The “macro men” are Colm O’Shea, Ray Dalio, Larry Benedict, Scott Ramsey, and Jaffray Woodriff. The “multistrategy players” are Edward Thorp, Jamie Mai, and Michael Platt. There are seven “equity traders”: Steve Clark, Martin Taylor, Tom Claugus, Joe Vidich, Kevin Daly, Jimmy Balodimas, and Joel Greenblatt.

Each interview is tailored to the person being interviewed, so the reader is not subjected to a dull cookie-cutter format. Naturally, some themes reverberate throughout the book and Schwager distills them into forty market wizard lessons in the final chapter. But the richness of this book comes from its portraits of a diverse group of traders with equally diverse trading styles.

There are system traders and discretionary traders. There are grinders who rarely have outsized days and traders who are looking for the home run. There are those who will average down and those who wouldn’t think of doing such a thing. One trader says that stop orders are for fools while another says that stops are necessary and should be placed at a level that says you’re wrong.

Schwager’s questions slowly unveil each hedge fund trader’s approach to the markets, what I suppose you could call his trading personality. Some traders took a while to develop a winning personality, and they share their struggles. Some are enthusiastic about their lives as traders and hedge fund managers, whereas at least one is still “searching to be satisfied by something.”

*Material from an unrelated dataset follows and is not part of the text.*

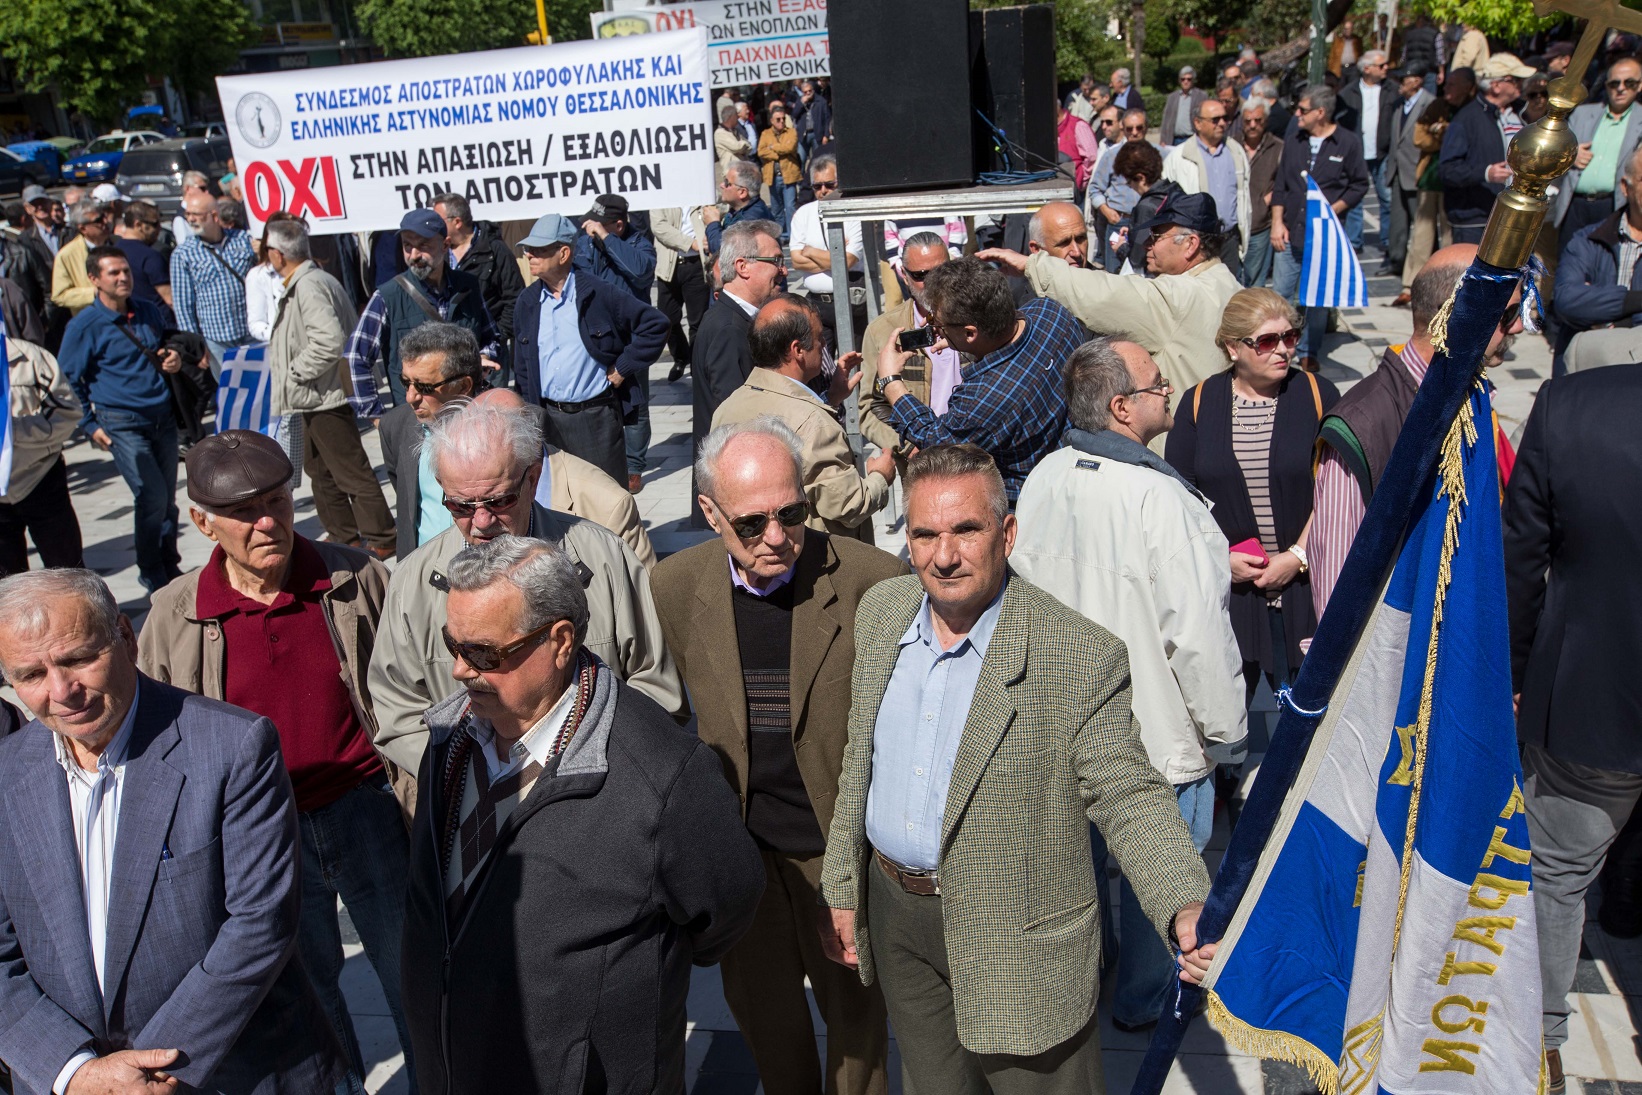 Απόστρατοι αξιωματικοί του στρατού αεροπορίας και ναυτικού πραγματοποιούν συγκέντρωση διαμαρτυρίας για τα εθνικά θέματα στο άγαλμα Βενιζέλου στην Θεσσαλονίκη. Θεσσαλονίκη, Παρασκευή 15 Σεπτεμβρίου 2016. ΑΠΕ ΜΠΕ/PIXEL/ΜΠΑΡΜΠΑΡΟΥΣΗΣ ΣΩΤΗΡΗΣ

Although the reader can search for golden nuggets in this book (and there are many), the fact is that the nuggets are only as valuable as the person who implements them as a reflection of his own trading personality. And that’s what is so useful about Schwager’s interviews: they show how top hedge fund managers think, feel, and act. The reader can, over the course of more than 500 pages, judge for himself how his own trading personality measures up. And perhaps, inspired by some of these trading stars, start on a self-improvement program.